NFT Fractionalization
What is a fractional NFT?
- A fractional NFT is simply a whole NFT that has been divided into smaller fractions, allowing different numbers of people to claim ownership of a piece of the same NFT. The NFT is fractionalized using a smart contract that generates a set of tokens linked to the indivisible original.
- These fractional tokens give each holder a percentage of ownership of an NFT, and can be traded or exchanged on secondary markets.
How does it work?
To break this NFT into fractions, it must first be locked in a smart contract, which will split the ERC-721 token into multiple ERC-20 tokens as per the instructions the NFT owner has given. The owner specifies everything, from the number of ERC-20 tokens to be created, to their prices, to the metadata to be used, to any other property they deem important. Each fraction or ERC-20 token created represents partial ownership of the NFT. The fractions can then be put up for sale at a fixed price for a particular time or until they get sold out.
Benefits of fractional NFT
- Price discovery: the asset is extremely valuable and they want help finding price discovery, fractionalizing the item and selling 20% on the market can be a valuable tool to help understand how the market values the NFT.
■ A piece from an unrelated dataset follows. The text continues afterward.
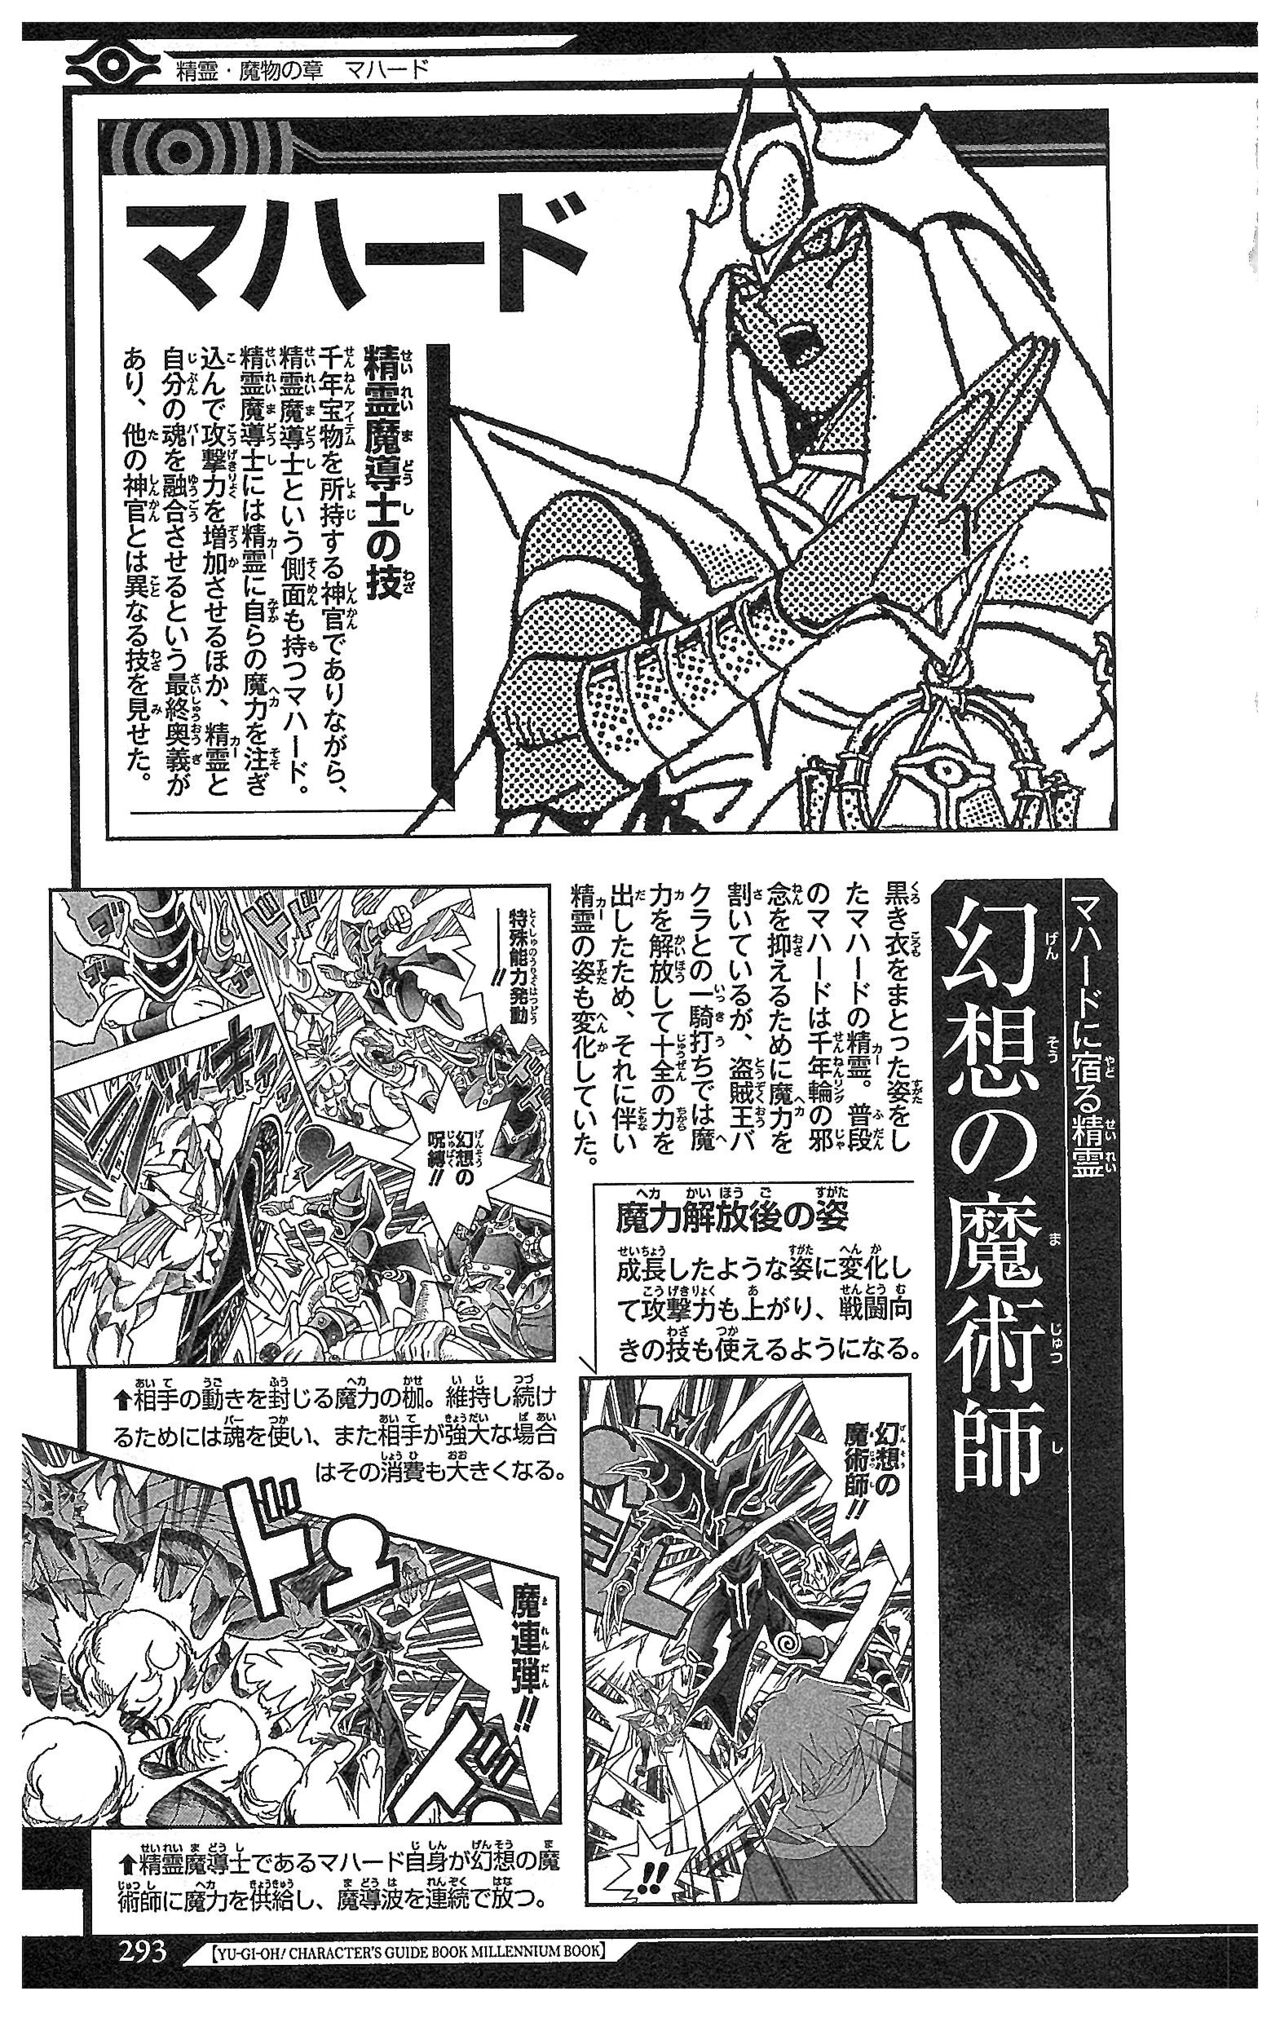 Yu-Gi-Oh! Character Guidebook: Millennium Book 289

- More liquidity: owners have significantly better exit liquidity than if they owned the NFT themselves. This can be achieved through on-chain exchanges such Uniswap.
- Curator incentives: an NFT owner who divides their asset into fractions receives a curator fee from their chosen NFT marketplace. Although the owner can set and update the amount of this fee, it is subject to a maximum price limit to prevent reckless pricing.